After the spectacular dive by Arturo Vidal in yesterday’s DFB Pokal semifinal, which arguably secured the victory for Bayern Munich over Werder Bremen, this research is more topical than ever. Scientists from the Frankfurt School of Finance and the University of Marburg have analyzed 4248 Budesliga games between 2000 and 2014. In particular, their data contain information on all referee decisions and a classification whether the decisions were correct, disputable or clearly wrong. And guess what, focussing only on the 666 clear penalties that were not given by the refs, there is a stark tendency to rule in favor of top teams. Moreover, the effect is by far the strongest for Bayern Munich, Germany’s most successful club team. The probability that a deprived penalty is in their favor is three times higher than the average.
But hold back your “I always knew it” outburst for a moment and let’s stick to the science.
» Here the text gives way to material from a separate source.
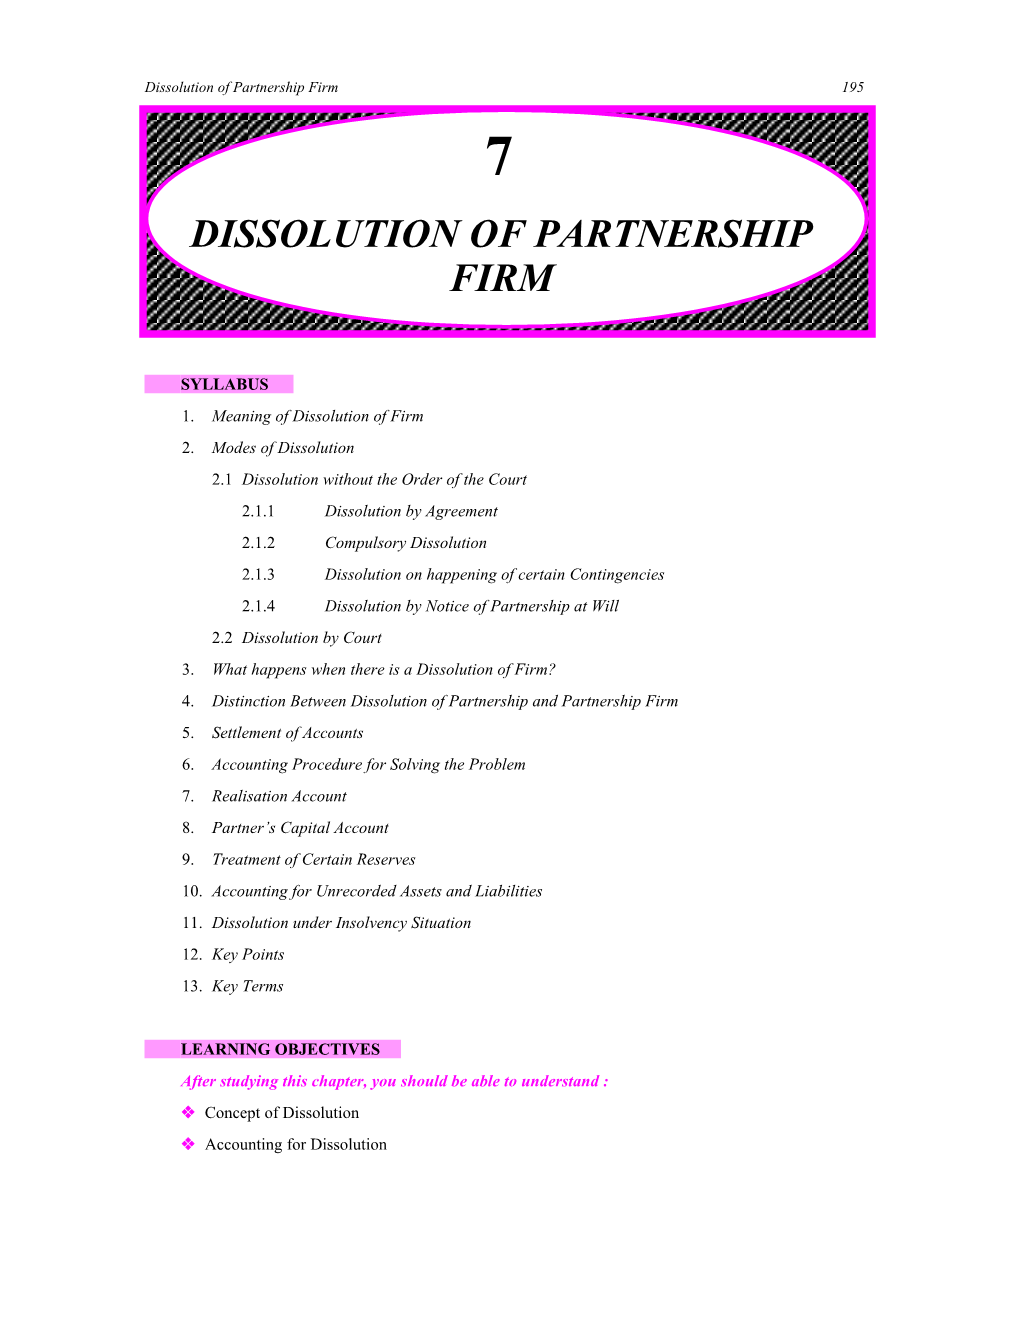 Dissolution of Partnership Firm1
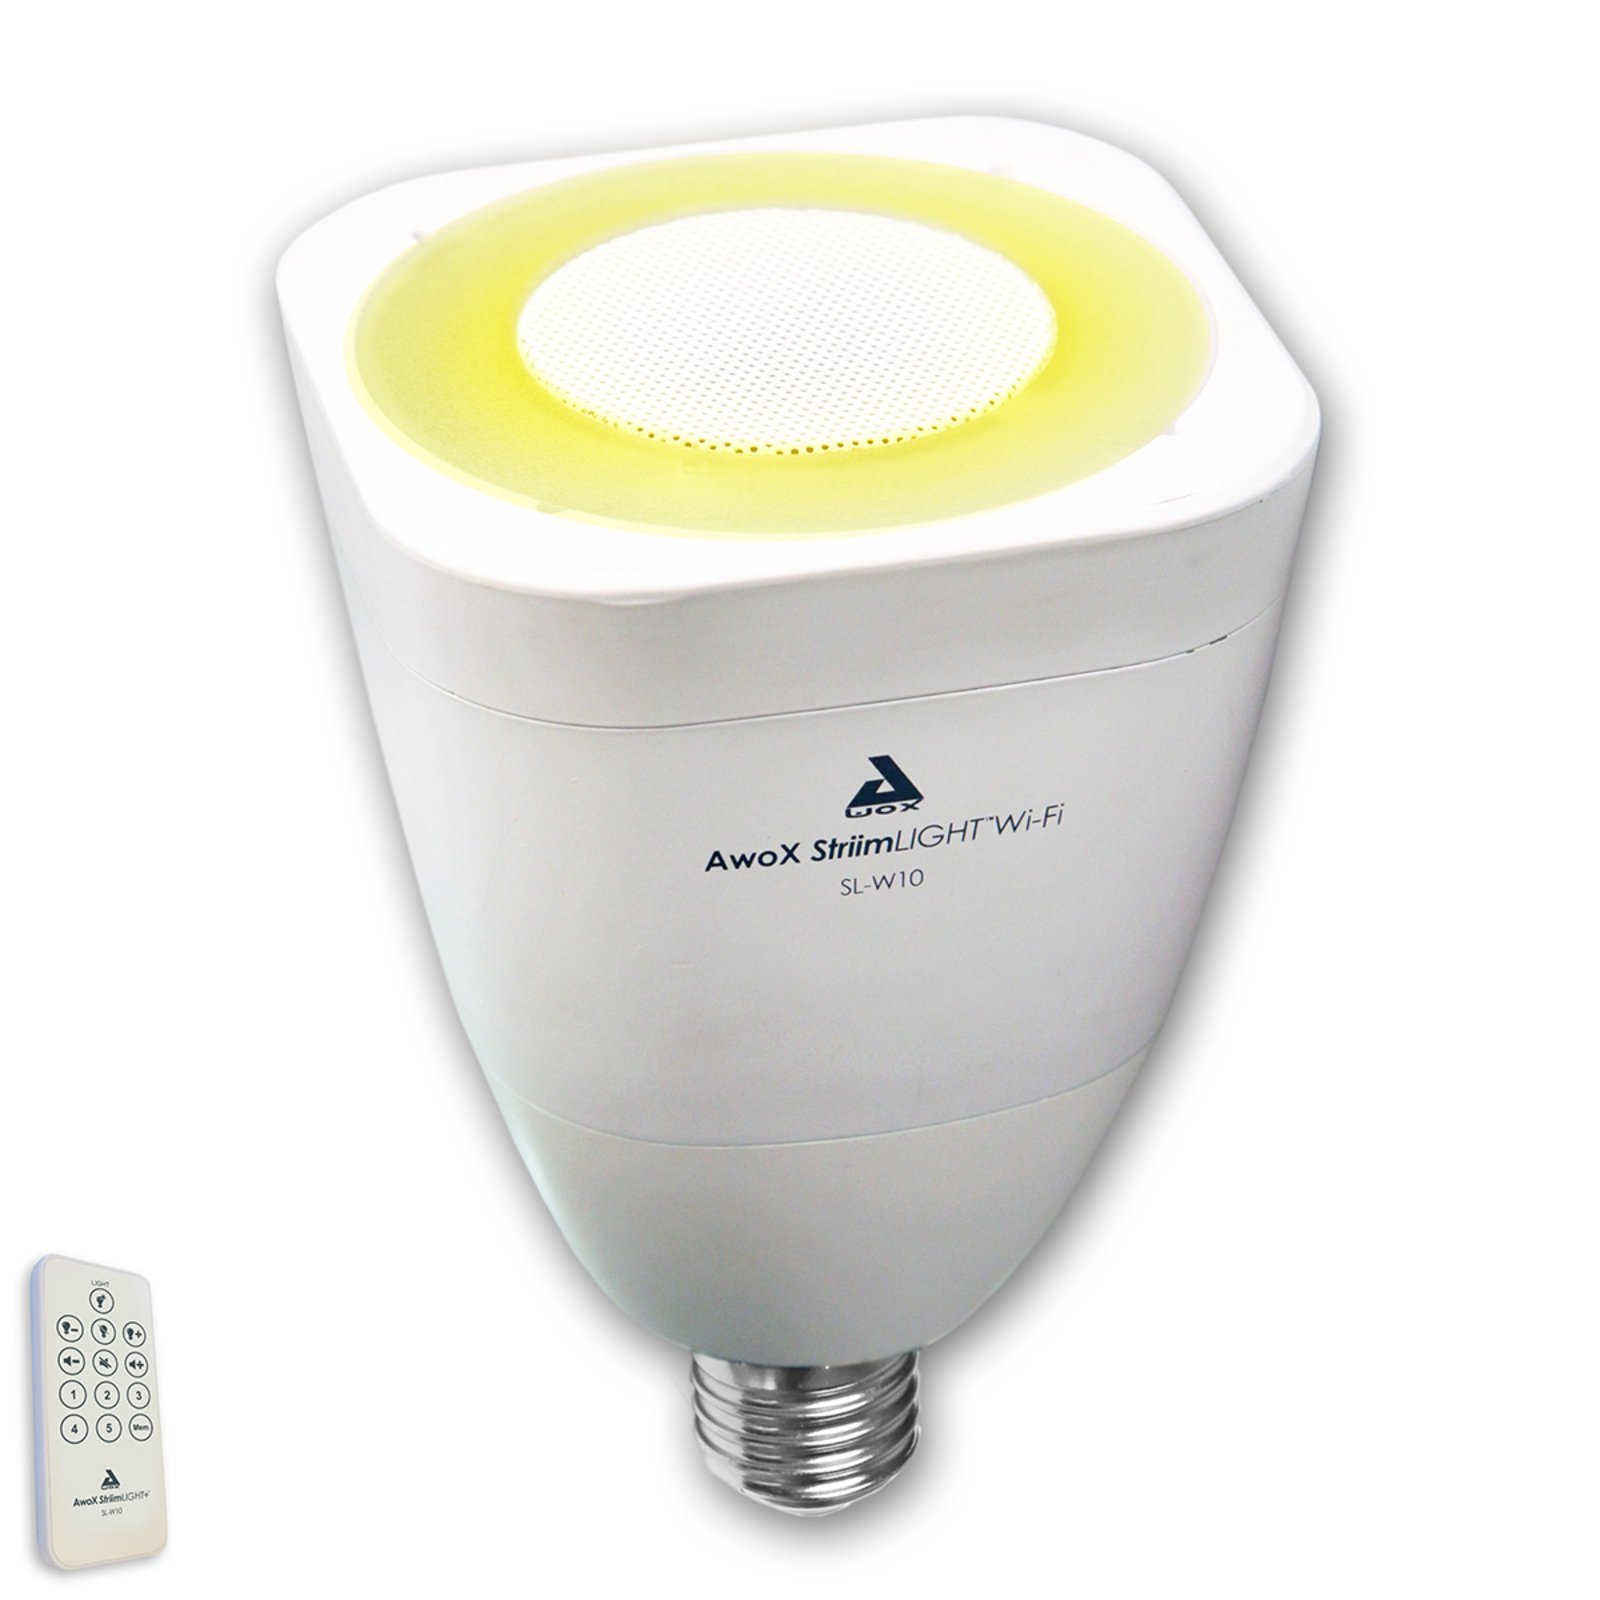 AwoX StriimLIGHT WiFi-White LED-Lampe E27, 7 W

There is no published paper and also no working paper version out yet. So all we’re left with are some interviews with the authors in news papers. The Frankfurt School has a press release which refers to contacting one of the authors personally to get details about the methodology. That’s of course bad science because we cannot immediately check the results ourselves. But unfortunately it’s common in management science to not publish working paper versions and keep papers behind journal paywalls.
At least we can get an idea of what the study is doing from the news paper articles. I cannot judge how trustworthy their data source is. But I can at least imagine a problem with such a classification of referee decisions as mentioned above. The judgement whether a decision is correct will always remain subjective, to a certain extent. No video replay can completely eradicate this problem. And games with top teams involved receive much more media attention. Consequently, critical decisions are discussed more intensively too.
But let’s take their measures for granted for the moment. The results establish that top teams benefit from referee decisions in an unduly way when these teams play against less prominent teams. The same holds for home teams and for teams fighting for the international tournaments (Champions League and Euro League) or against relegation. The authors conclude that refs are driven by public sentiment and unconsciously rule in favor of the more popular teams.
I truly hope that the authors are not just comparing means here. Because these results could be driven by many factors and the conclusion of a referee bias is only valid once these other explanations are ruled out. Generally, even if they control for other influences, I’m skeptical that it’s possible to measure and control for all relevant factors in such an analysis. There are just too many unobservable variables at play–above all the behavior of the players on the pitch. What do Champions League aspirants and teams threatened by relegation have in common? Well, they should play more eagerly and with more effort. Players of top teams might also just simply act smarter on the pitch and commit fouls more “skillfully”. That’s not an argument against the referee bias but casts doubt on the researchers’ interpretation of the results.
More importantly, I wonder whether the study suffers from a severe selection bias (this time the bias is statistical rather than cognitive). The newspaper cites that the probability of a “deprived penalty being a wrong decision” is significantly higher for Bayern Munich than for the average team. But you can only judge the correctness of a referee’s decision once a foul is committed and the referee has actually something to decide on. Top players most likely commit less fouls in the box than the average player. The few remaining situations top players are not able to solve with legal means might be very different from the average foul. This holds, for example, when top players resort to fouls in dead-ball situation when the box is very crowded and fouls are more difficult to observe (and thus more likely to be ruled in favor of the defending team).
In statistical terminology, what the researchers might estimate is the probability of a wrong decision given that a foul occurred, P(wrong decision in their favor | foul, top-team), which is different from the news paper’s interpretation, namely the probability of a wrong decision in favor of the top-team, P(wrong decision in their favor | top-team). In the former case you would condition on an (intermediate) outcome variable of the model, “committing a foul”, which is likely to introduce bias (Angrist and Pischke, 2009, Chapter 3.2.3). The problem of selection bias is well-known but very hard to cope with with standard statistical tools. To do correct inference you rather need something coming close to a controlled experiment which keeps the frequency (and intensity) of fouls constant. I wonder whether the study is able to do that or whether it’s even possible in general.*
To conclude: I’m very curious about this piece of research but we will have to wait until a paper gets published to judge the robustness of the conclusions. A short disclaimer might also be in order as well: as a Munich supporter I will of course deny any “Bayern bonus” until ultimately proven wrong. ;)
* In Judea Pearl’s notation you want to estimate P(wrong decision | do(top-team)) where “foul” is a child of “top-team” in the causal graph. That’s a thorny problem.